→ **Task goal**
Lines from the opening of the material through the line containing "This facial toner" must be duplicated word for word. Pictures are not.

→ **Data below**
================================
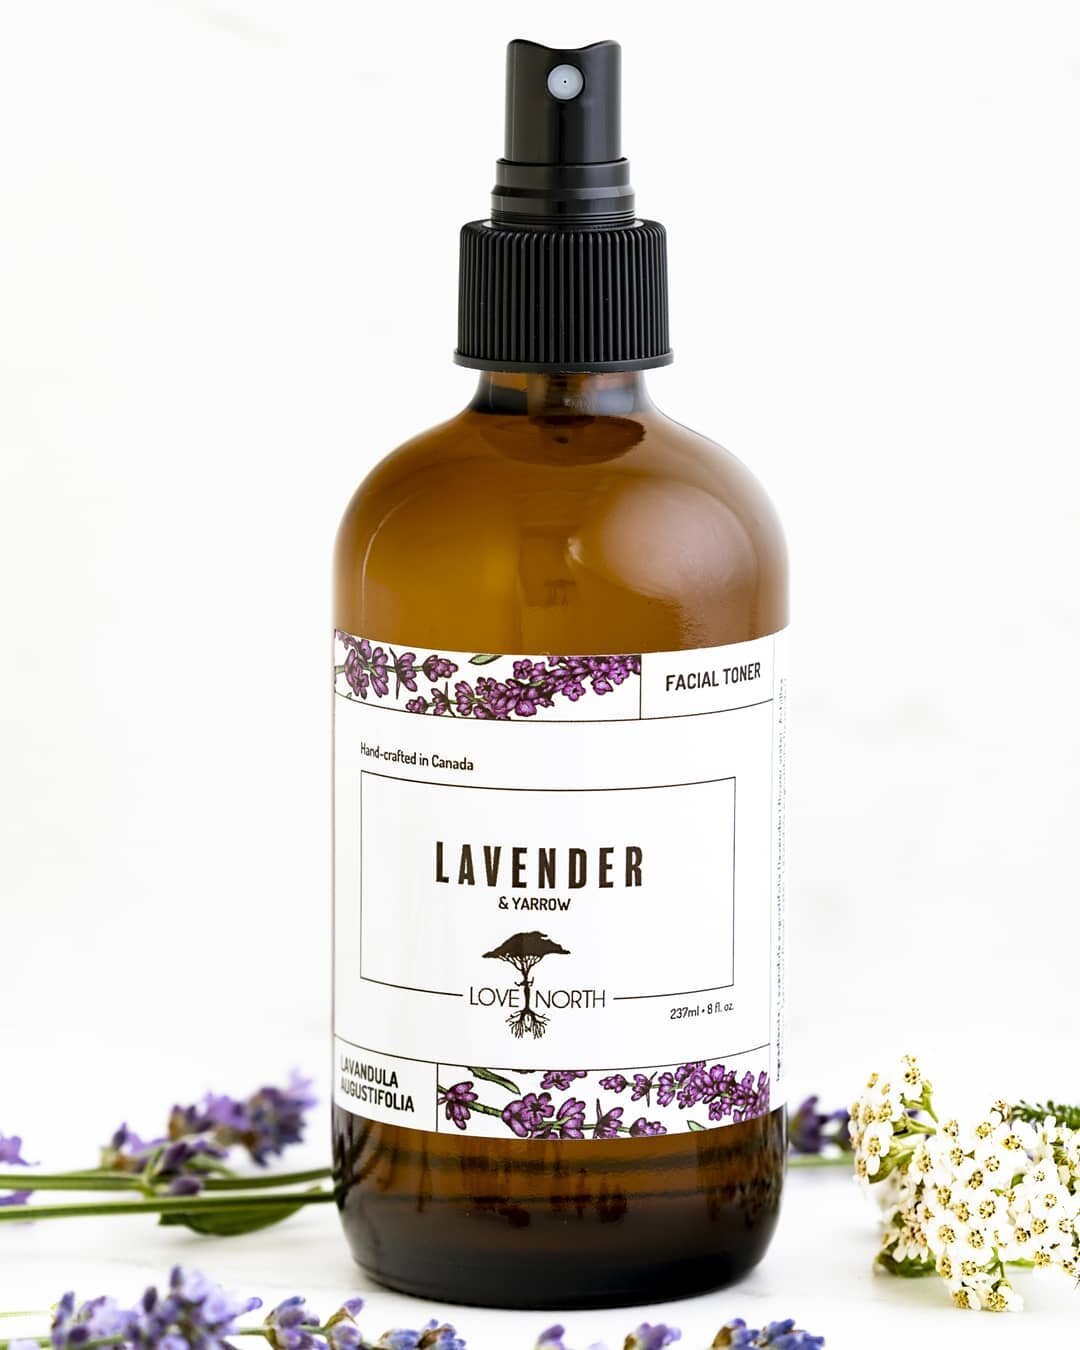 Our Lavender facial toner has been reformulated and a plant ally named Yarrow (Achillea millefolium) has been added. 

This facial toner is most ideal for those with inflammation of the skin and or acne. Yarrow &amp; lavender come together to gently 
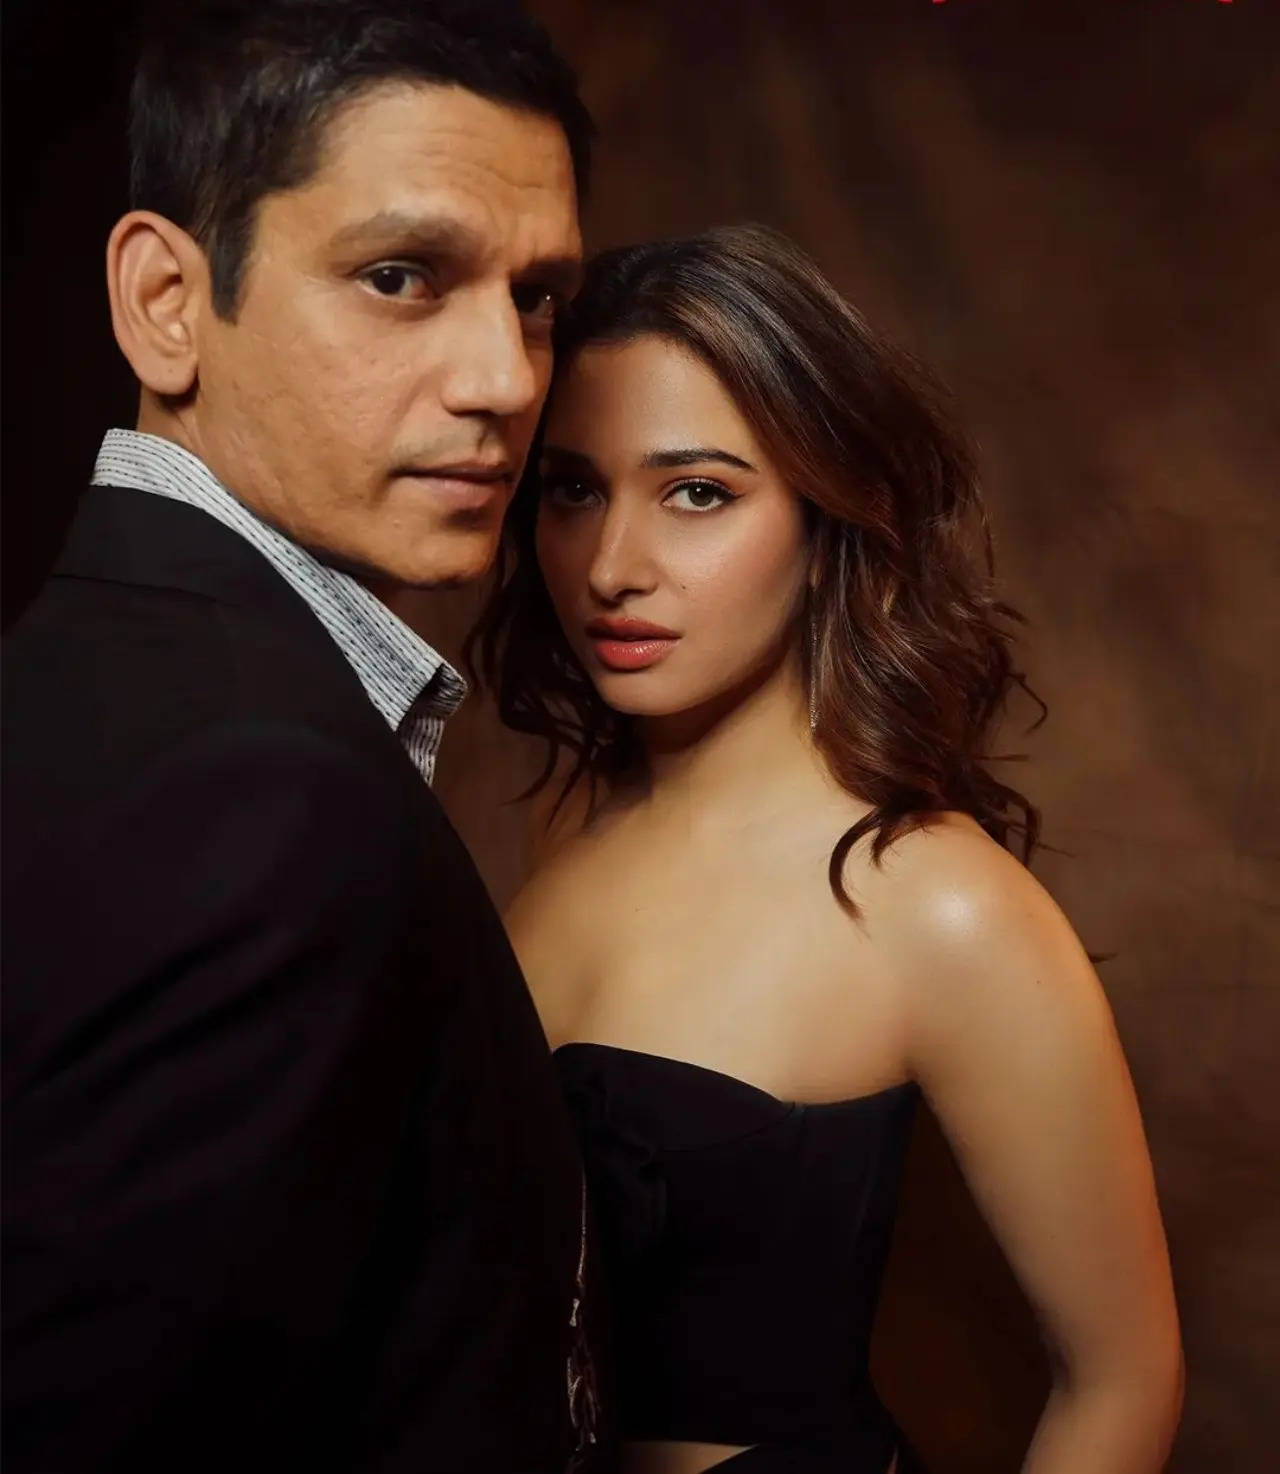 In Lust Tales 2, Tamannaah Bhatia describes what it was like to film intimate sequences with Vijay Varma.
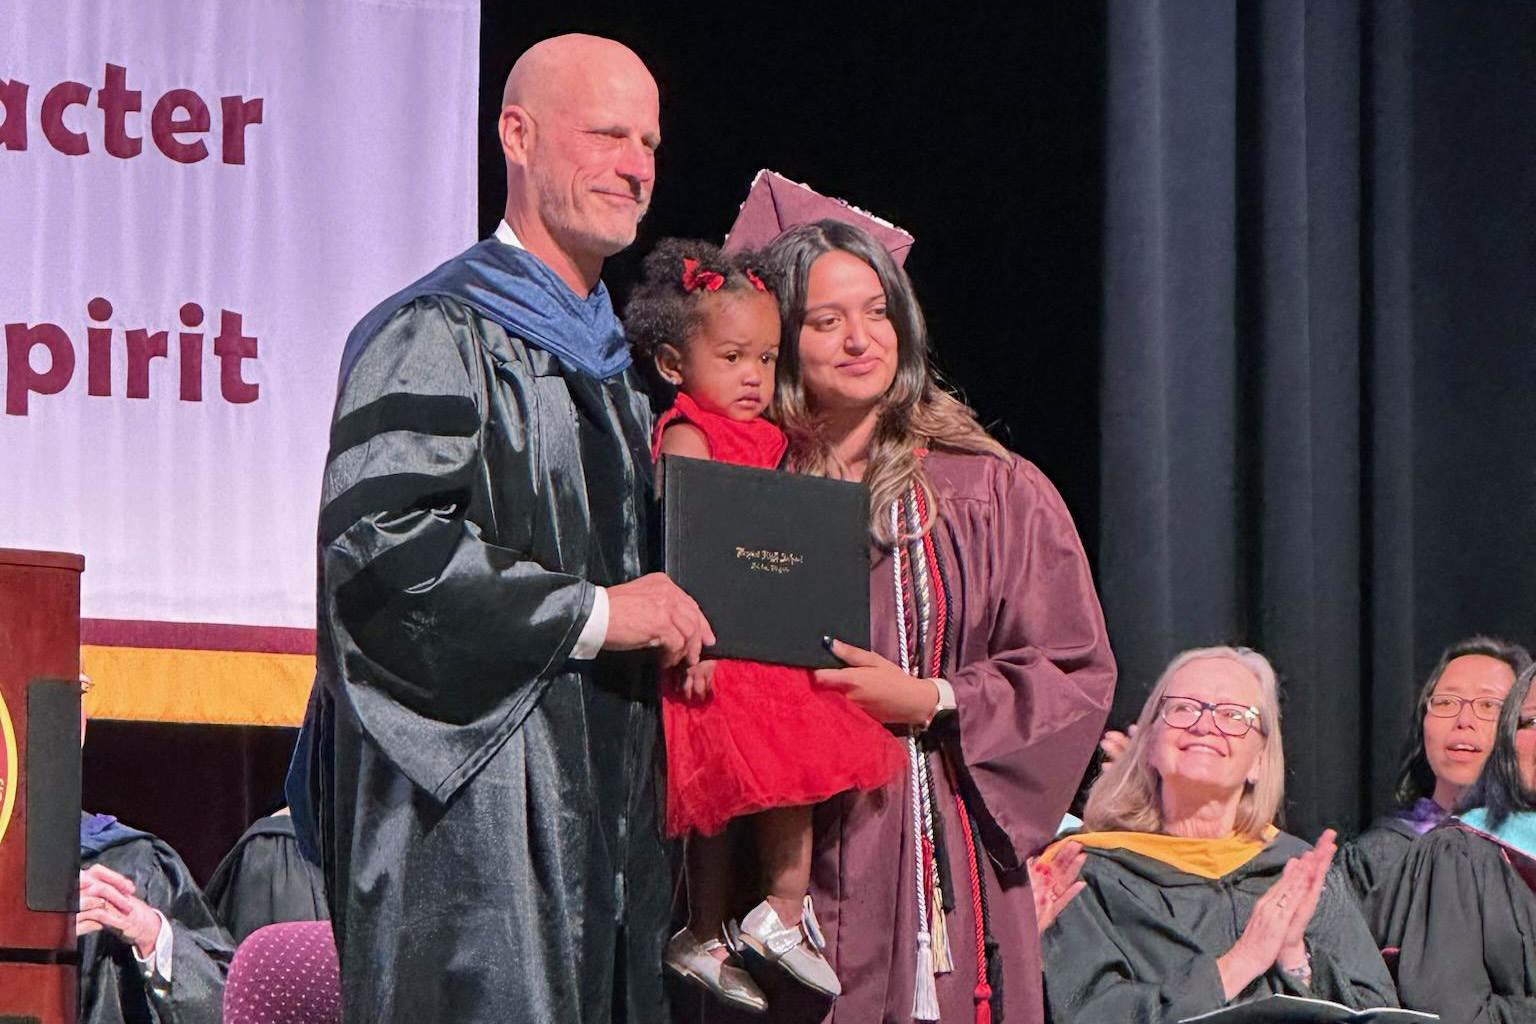 Newly-minted Bryant High School graduate Anyeli Salguero receives her diploma from principal Chris Larrick with her 20-month-old daughter in her arms. School board member Karen Corbett Sanders claps after listening to Anyeli's speech.
================================
→ **Exercise response**
 Our Lavender facial toner has been reformulated and a plant ally named Yarrow (Achillea millefolium) has been added. 

This facial toner is most ideal for those with inflammation of the skin and or acne. Yarrow &amp; lavender come together to gently 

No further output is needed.